Re: [PATCH 1/2] fs: support $ORIGIN in ELF interpreter paths

From: Kees Cook

Date: Tue Jun 23 2026 - 16:15:21 EST


On Sun, Jun 21, 2026 at 09:39:33PM -0700, Farid Zakaria wrote:
> Currently, standard ELF and ELF FDPIC loaders expect a fixed path to the
> dynamic linker/interpreter (PT_INTERP). However, for systems utilizing
> relocatable dynamic interpreters (such as Nix/store-based environments),
> hardcoding this path is inflexible and breaks binary portability.
>
> Introduce support for resolving the $ORIGIN placeholder in the ELF
> interpreter path.

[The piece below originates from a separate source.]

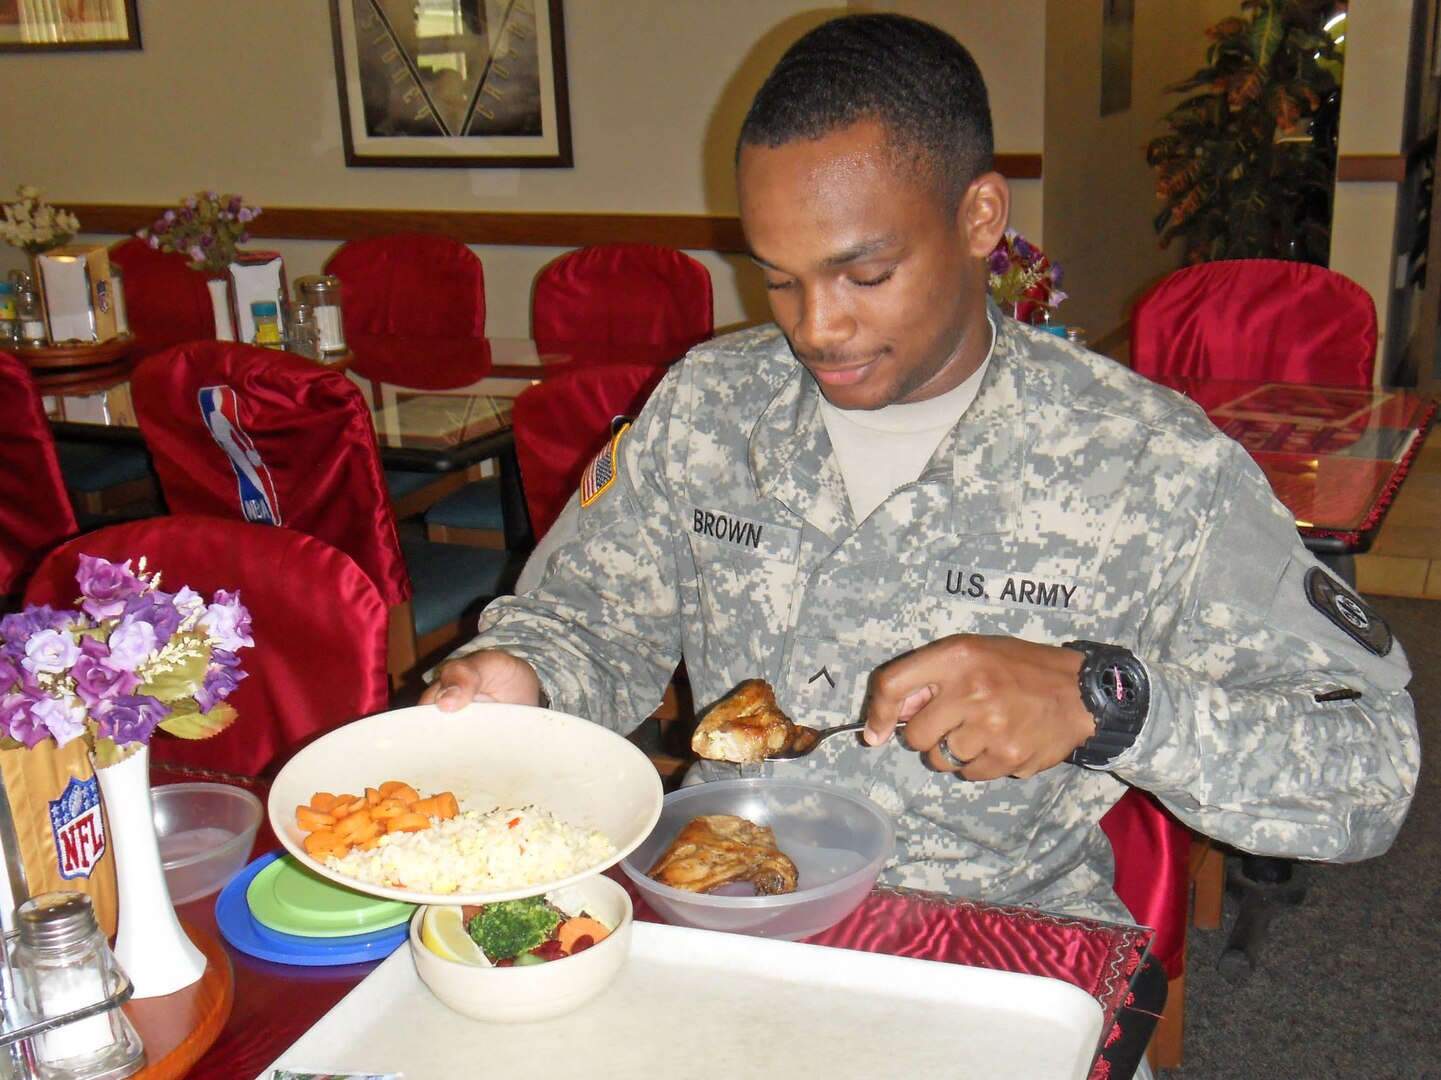 Army Pvt. Byron Brown, assigned to 520th Maintenance Company, 194th Combat Sustainment Support Battalion, eats at a dining facility at Camp Humphreys, South Korea. Despite South Korea’s ban on poultry items from the U.S., warfighters who eat at DFACs across the peninsula continue to eat fresh chicken, thanks to DLA Troop Support Pacific.

This maps the dynamic linker relative to the path
> of the binary being executed, matching user-space origin resolution.
>
> To avoid code duplication, implement a shared 'resolve_elf_interpreter()'
> helper in the VFS exec layer. For safety, limit detection strictly to
> the prefix string "$ORIGIN" to prevent complex parsing exploits.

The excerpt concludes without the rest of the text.